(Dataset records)
◆ ◆ ◆ ◆ ◆
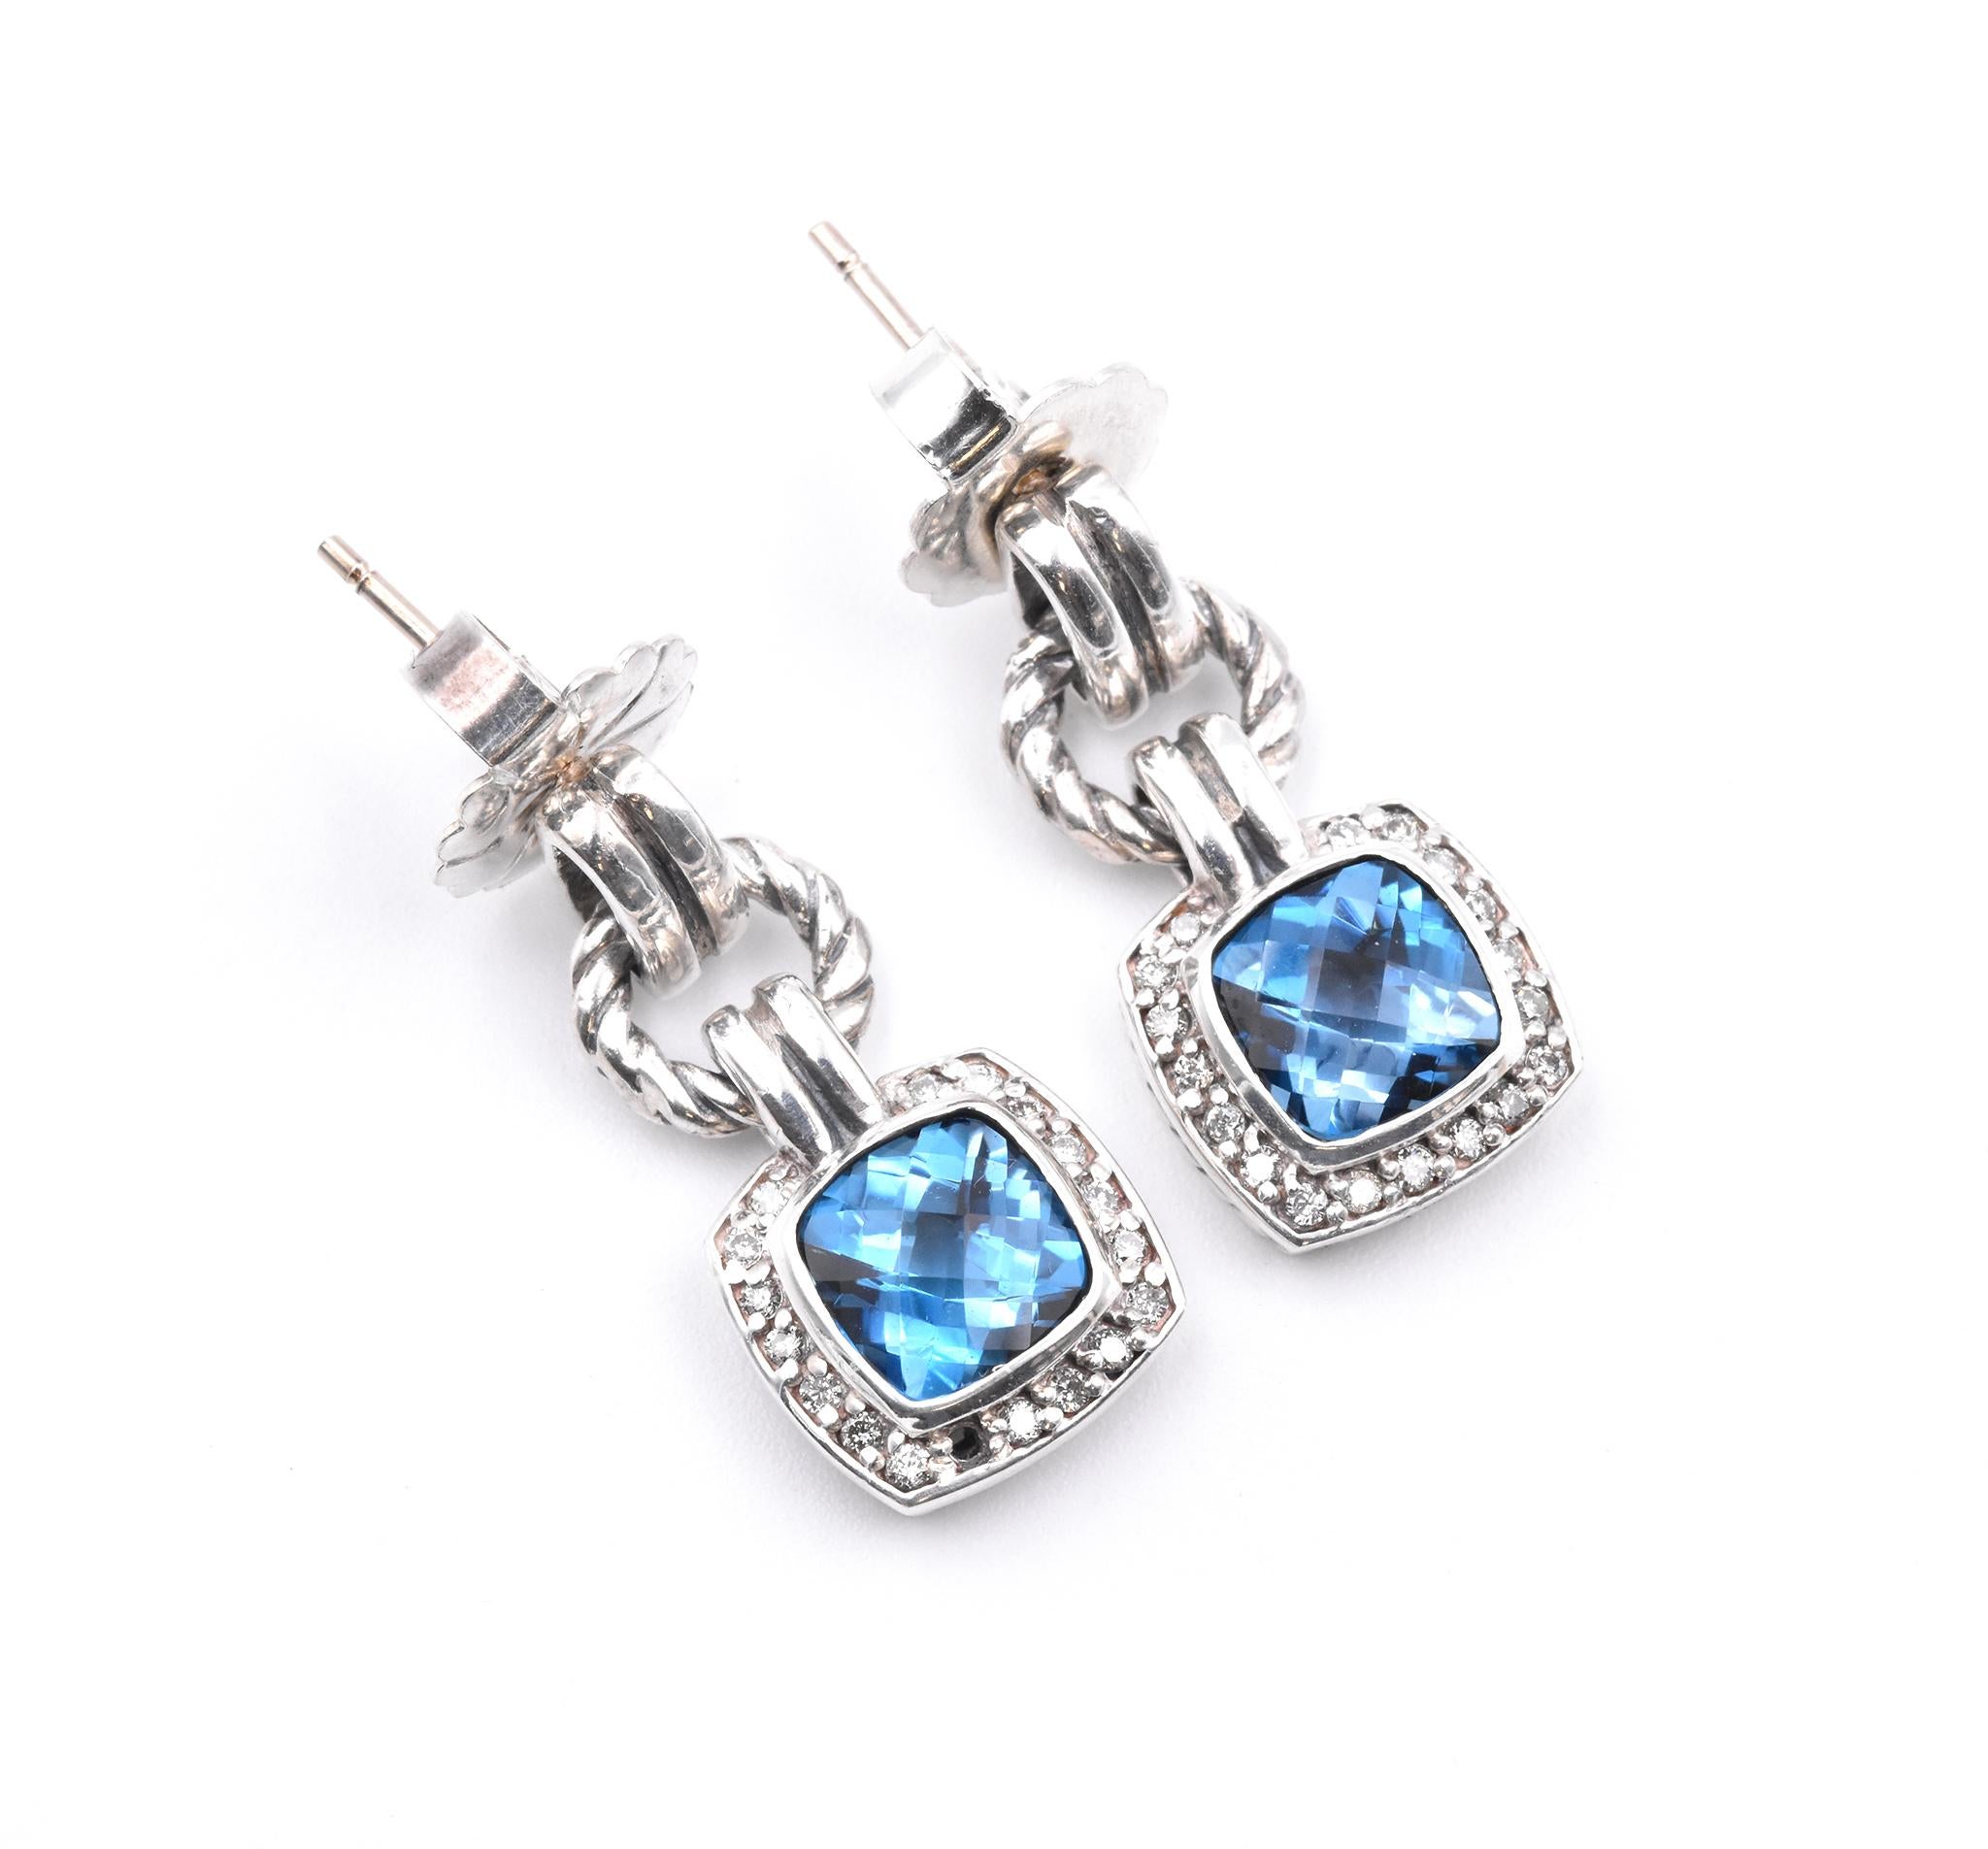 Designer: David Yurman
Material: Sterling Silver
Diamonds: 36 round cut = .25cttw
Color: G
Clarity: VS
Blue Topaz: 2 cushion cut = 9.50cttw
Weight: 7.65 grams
◆ ◆ ◆ ◆ ◆
What is required
The required result is an exact repetition of the lines from the one containing "Blue Topaz: 2 cushion cut = 9.50cttw" through the last line of the data.

Written response
Blue Topaz: 2 cushion cut = 9.50cttw
Weight: 7.65 grams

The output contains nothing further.